Alternatively, you can run xrandr -o normal on the command line to force the rotation. You can view the current rotation state, as reported by the accelerometer, with monitor-sensor.

The Real Fix

The more involved fix goes like this (thanks to CupOfTea over on the Acer Community Forums):

Create /lib/udev/hwdb.d/61-sensor-local.hwdb

Inside that file, add:

sensor:modalias:acpi:BOSC0200*:dmi:*svn*Acer*:*pn*Spin*SP111-33*
ACCEL_MOUNT_MATRIX=0, 1, 0; 1, 0, 0; 0, 0, 1

Note the single space before ACCEL_!

The Nuclear Option

Disabling the accelerometer entirely is another possibility, but that is left as an exercise for the reader. 😏

WiFi

Wifi works great. It’s an Intel Wireless-AC 9560 that can be used for various things. Nice!

Bluetooth

As of this writing, I still haven’t gotten Bluetooth working. But I’ve had it for about half a day at this point, poking at other problem areas, so we’ll see how that goes. I’ll update this when I get it fixed.

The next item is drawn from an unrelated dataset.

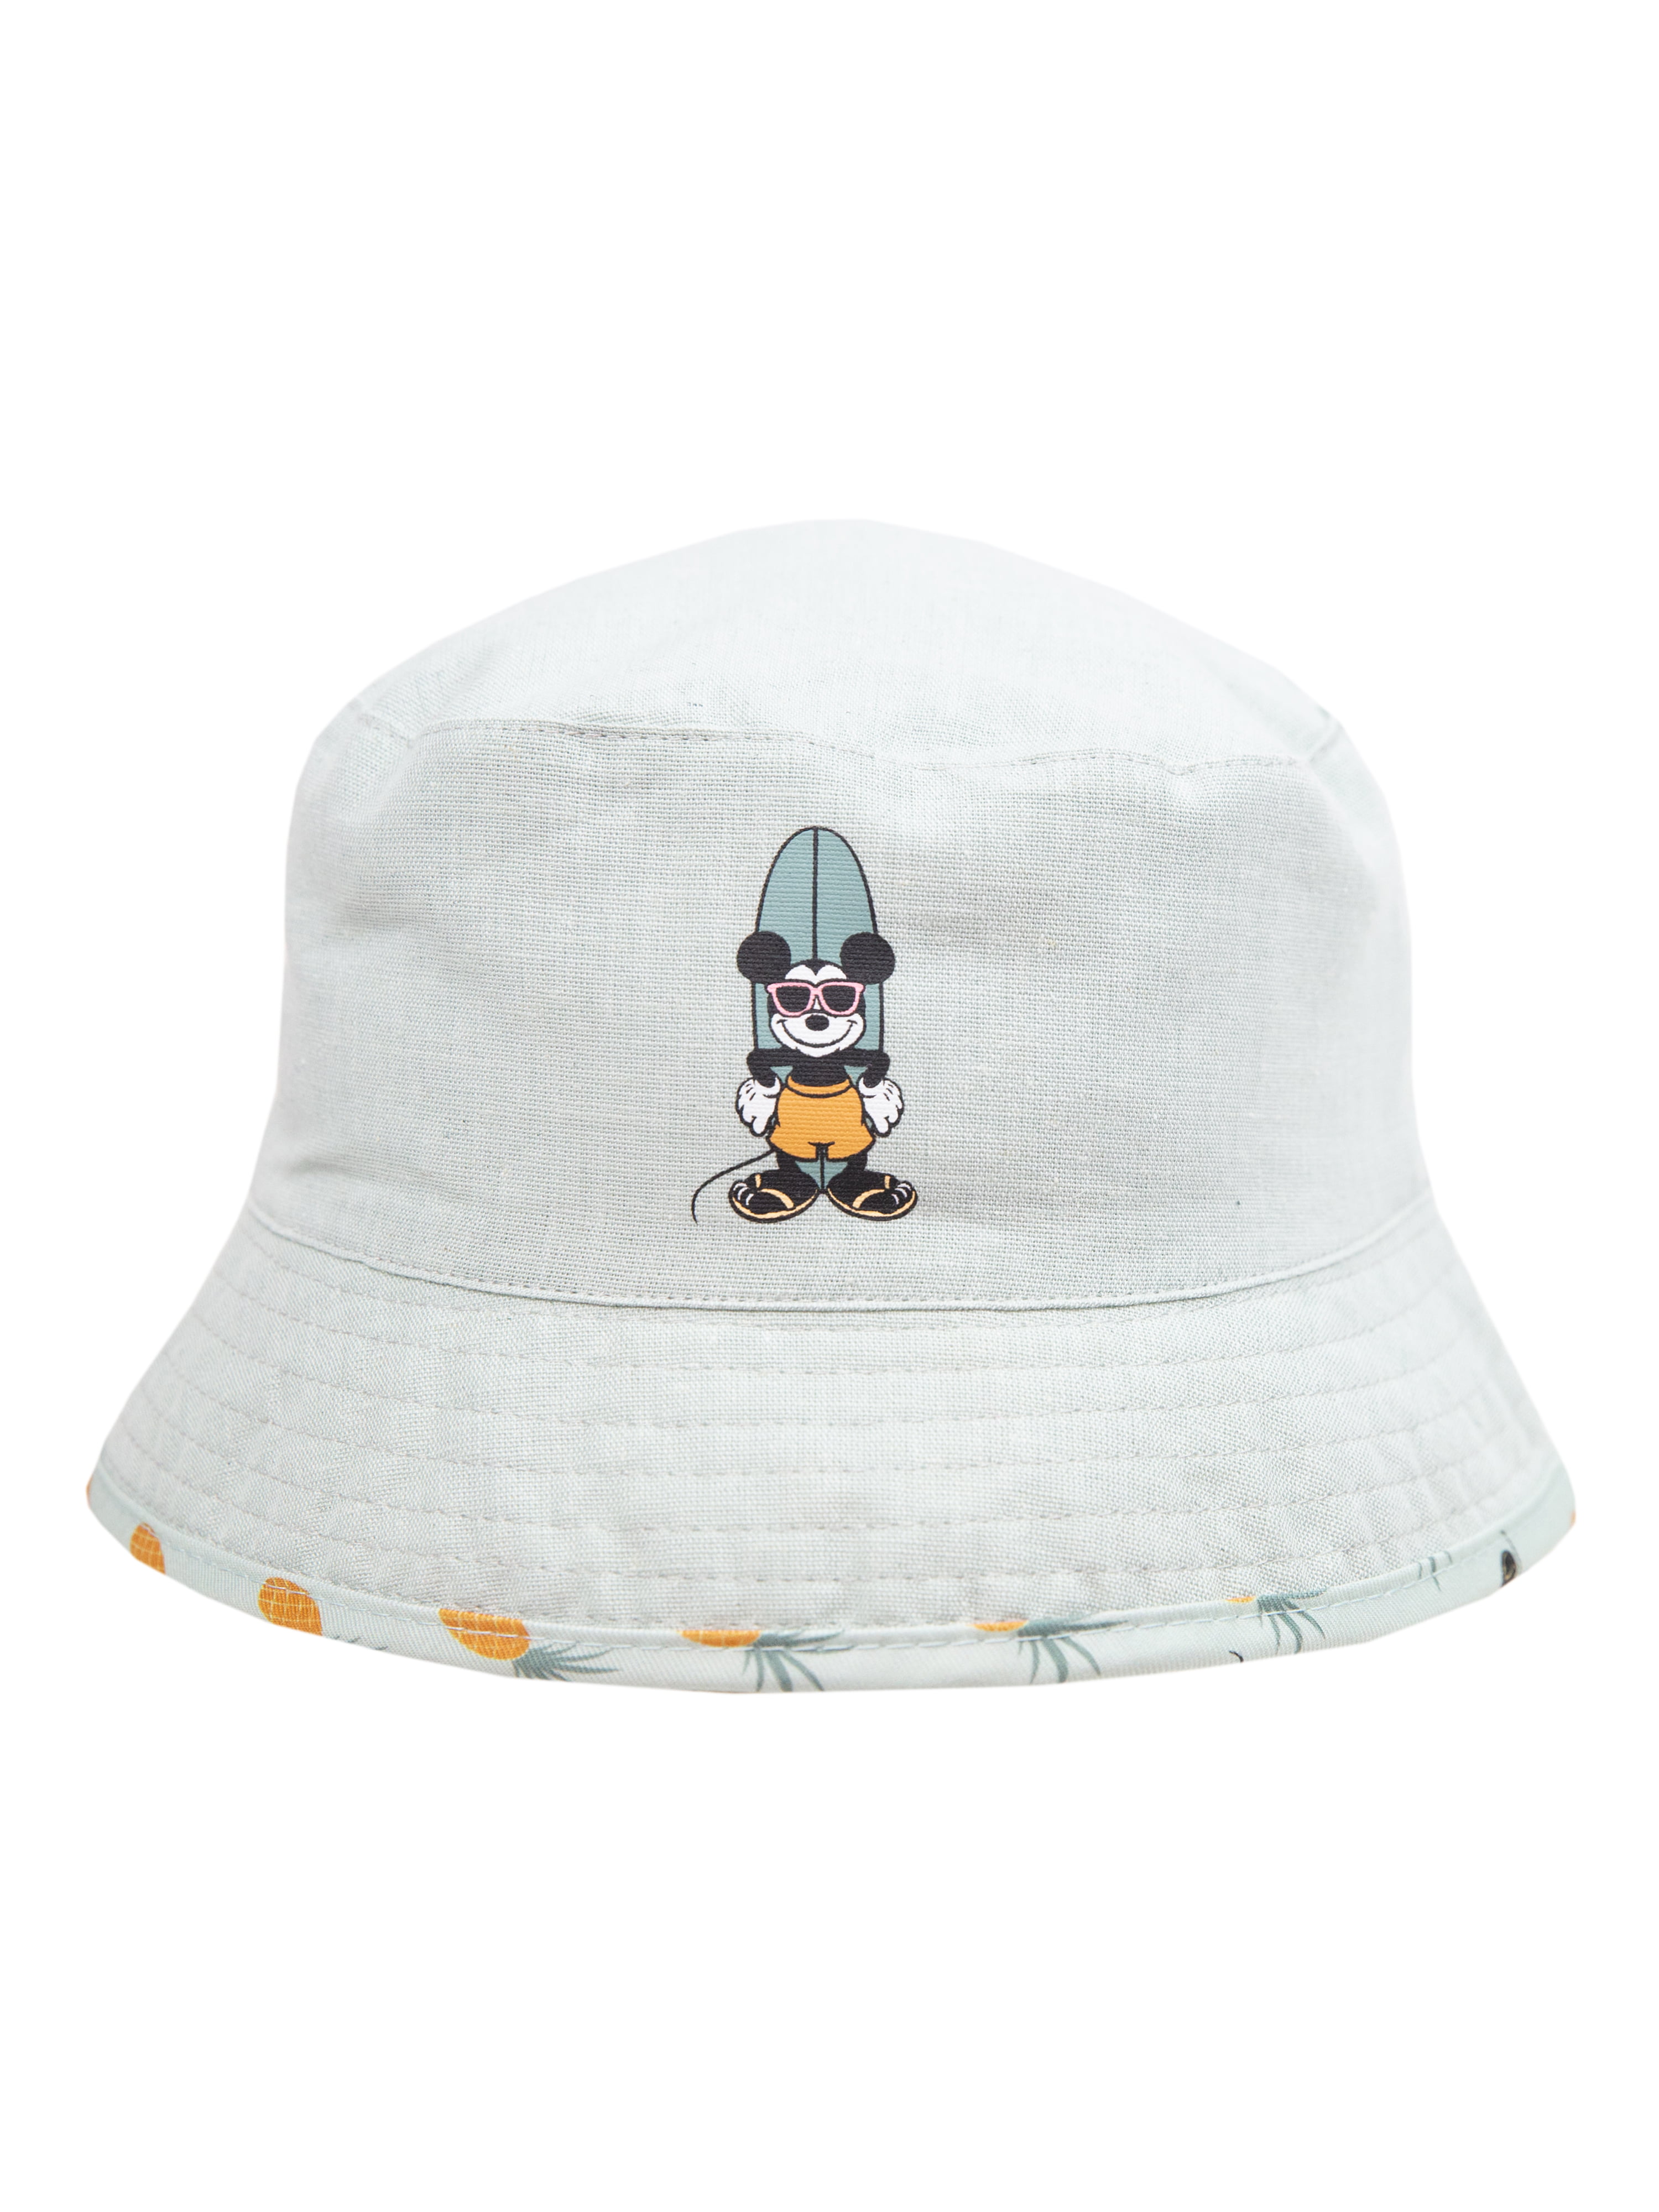 Disney Mickey Mouse Toddler Boys Reversible Gray Bucket Style Swim Hat

I don’t know where the trouble lies, but the service just isn’t running on boot. Here’s what I did to start it up by default. First, call systemctl enable bluetooth.service to set it to load on boot.

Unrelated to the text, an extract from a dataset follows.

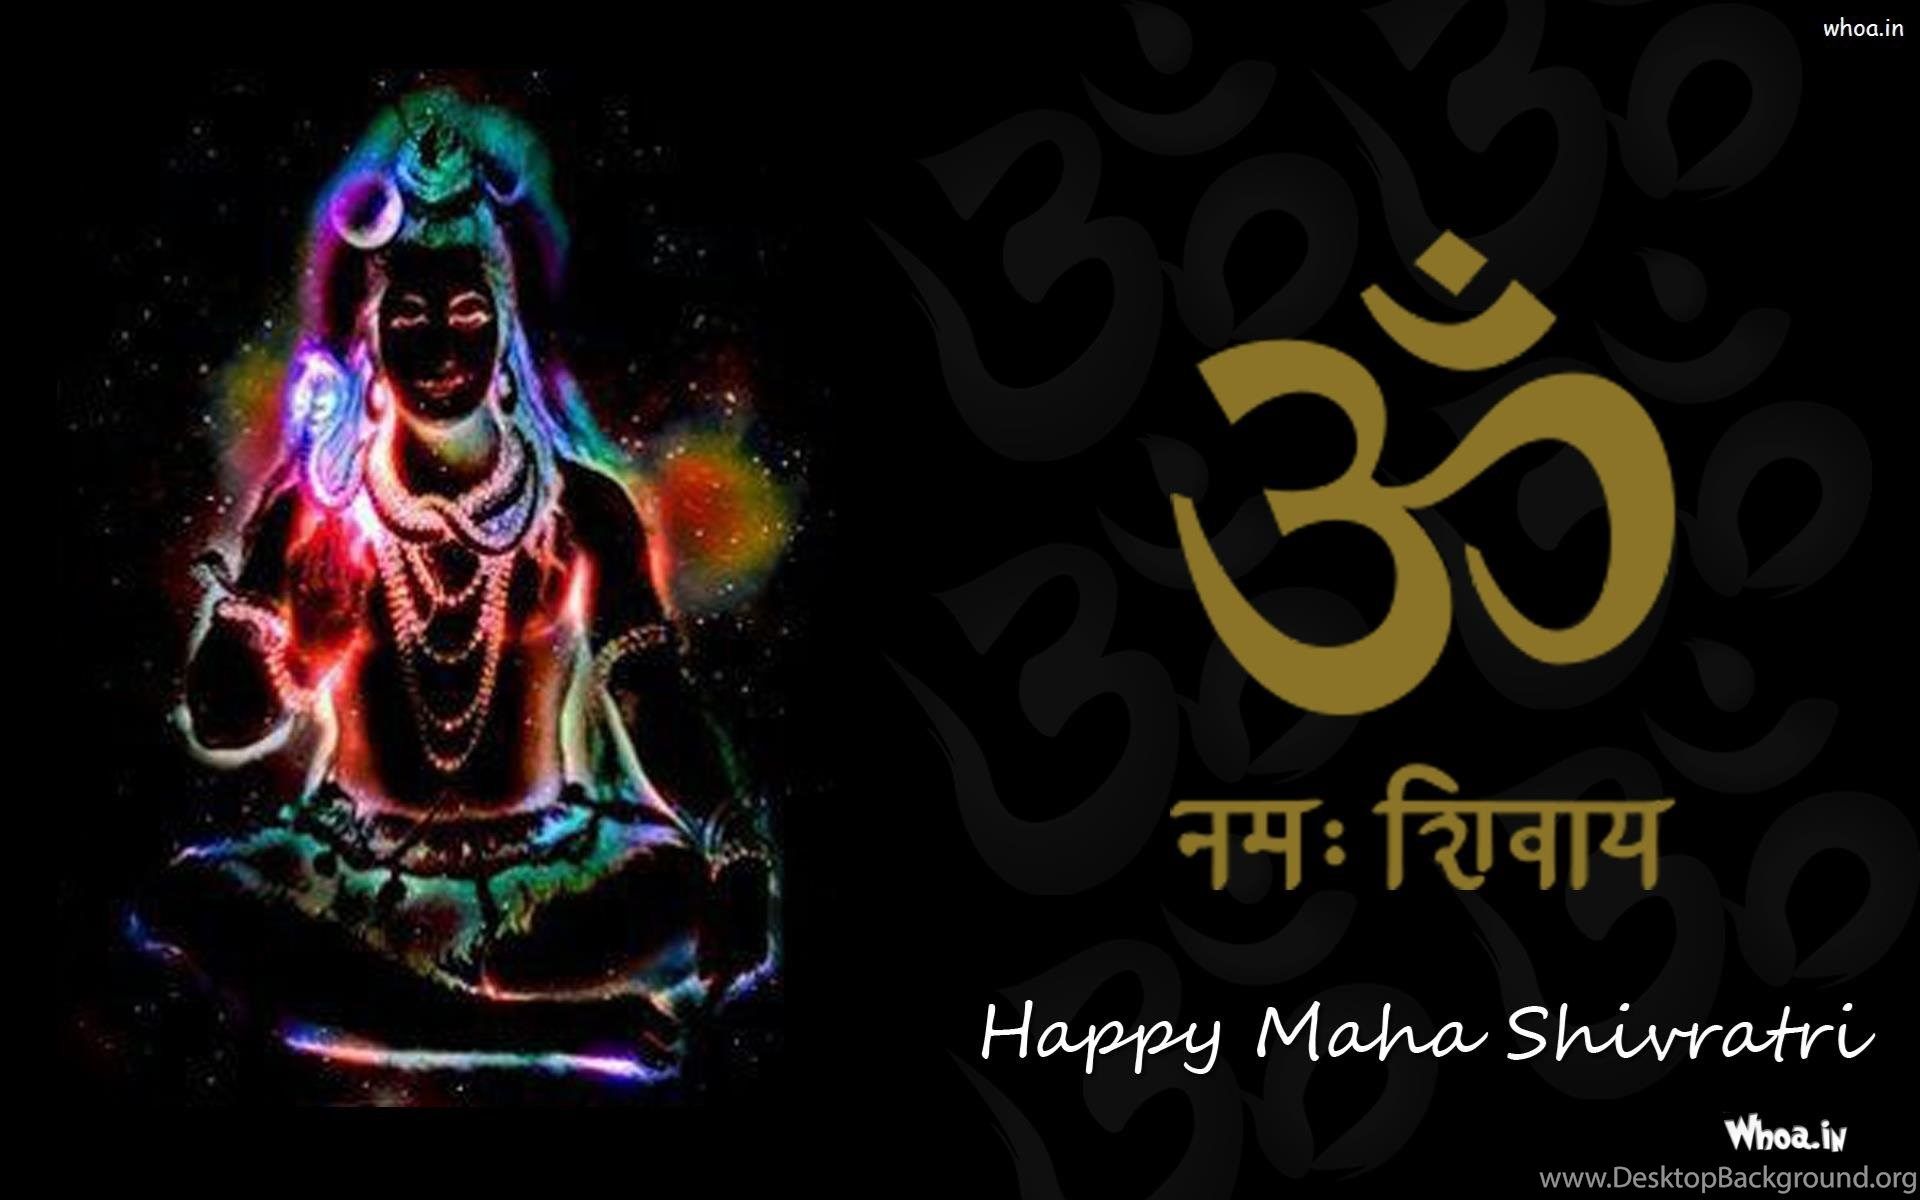 Om Namah Shivaya And Lord Shiva Wallpaper With Black Background Desktop Background

After this, I was able to reboot, and my mouse connected on login. Good times. 👌

(If you’d rather not have it start automatically, you can just use systemctl start bluetooth.service to start it manually.)

Other hardware with no obvious issues

  • Audio
  • Touch screen
  • Micro SD card reader
  • On-board video – There’s some brief black and white glitching on the very top of the login screen, but you don’t see it anywhere else.
  • HDMI – worked as second monitor on a 4K display; didn’t DPI scale out of the box of course.

Sweet.

So yeah, I’m pretty jazzed about this little guy. It’s about as close to perfect as I’ll probably get for now.

I guess I’ll keep it. 😏

Stickers account for 23% of it’s weight.